Generate sinusoidal positional embeddings on-the-fly.
  Shape: `[1, seq_len, embedding_dim]`
1. Even dims: sin(pos / 10000^(2i/d))
2. Odd dims: cos(pos / 10000^(2i/d))

Good video on positional encoding:
https://www.youtube.com/watch?v=LBsyiaEki_8
  


### How GPT-2 Handles Positional Encoding

GPT-2 uses **learnable absolute positional embeddings**, a simple but effective approach that's common in modern transformers (like BERT or your ViT). Unlike the original Transformer paper's fixed sinusoidal (sin/cos waves), GPT-2 makes positional embeddings **trainable parameters**—a matrix learned during training alongside everything else.
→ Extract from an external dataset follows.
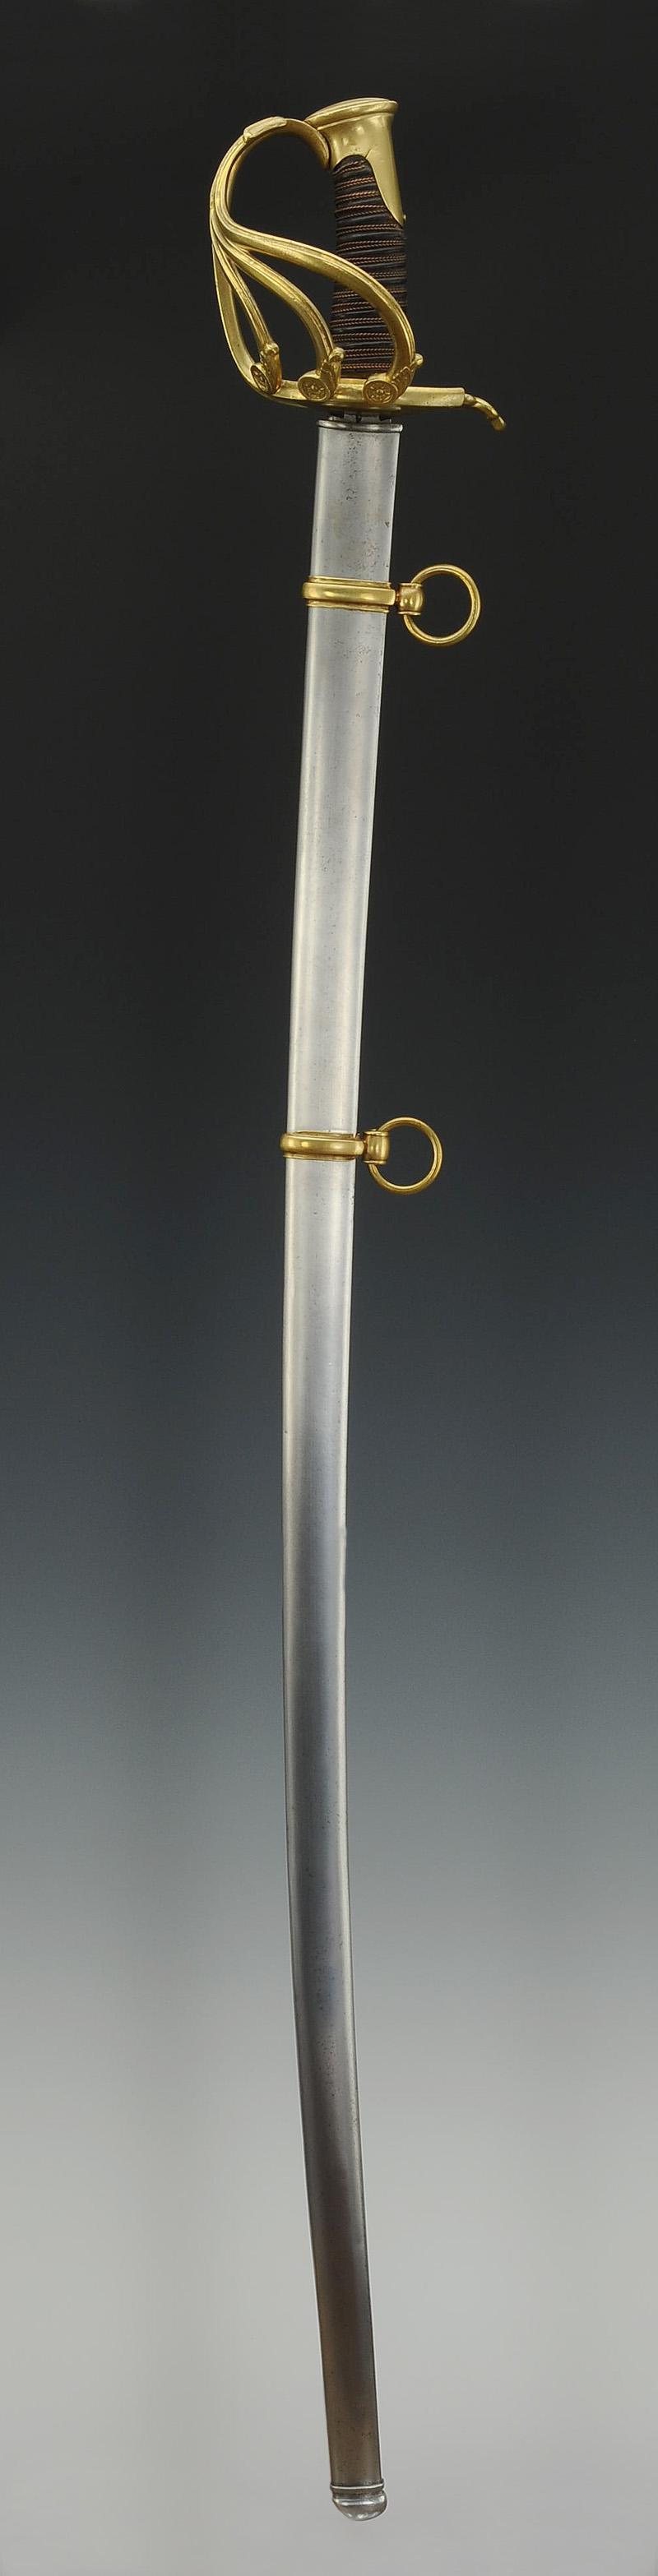 sabre troupe de garde du corps de monsieur  mod u00c8le 1814  restauration

This allows the model to adapt position signals to the data, often leading to better performance on long sequences.

#### Why Learnable Absolute Positional Embeddings?
- **Absolute**: Each position (0, 1, 2, ..., max_len-1) gets a fixed, unique vector added to the token embedding at that spot.
- **Learnable**: Initialized randomly (small std=0.02 trunc_normal), then optimized via backprop—learns what "position 5" means for language patterns.
- **Benefits**: Flexible (no fixed waves); extrapolates reasonably to longer sequences (up to max_len=1024 in GPT-2); simple to implement.
- **Drawbacks**: Can't extrapolate beyond max_len without issues (unlike sinusoidal, which can); ~1M params (1024 * 768 for GPT-2 small).

#### How It Works (Step-by-Step)
1. **Pre-Allocate Pos Matrix**: A learnable Parameter [1, max_seq_len, embedding_dim] (e.g., [1, 1024, 768]).
2. **Slice to Actual Length**: For input seq_len=T (e.g., 10), take first T rows: [1, T, D].
3. **Add to Token Embeds**: Element-wise: `x = token_emb + pos_emb` — token at pos i gets semantics + pos i's vector.
4. **Broadcast**: The [1, T, D] pos expands to match batch size B.

This injects "where am I?" info without loops—vectorized add.

#### Code Snippet (From GPT-2 Style)
In the `__init__`:
```python
self.pos_embed = nn.Parameter(torch.zeros(1, max_seq_len, embedding_dim))  # Learnable [1, 1024, 768]
nn.init.trunc_normal_(self.pos_embed, std=0.02)  # Small random start
```

In `forward`:
```python
def forward(self, x):  # x: [B, T] token IDs
    B, T = x.shape
    tok_emb = self.token_embed(x)  # [B, T, D]
    
    # Slice pos to T
    pos_emb = self.pos_embed[:, :T, :]  # [1, T, D]
    
    # Add (broadcast to B)
    x = tok_emb + pos_emb  # [B, T, D]
    # ... to transformer ...
```

- **Example**: T=3, pos_embed rows 0-2 added to tokens 0-2.
- **Training**: Gradients update the pos matrix—learns relative distances (e.g., pos 0 near pos 1 for bigrams).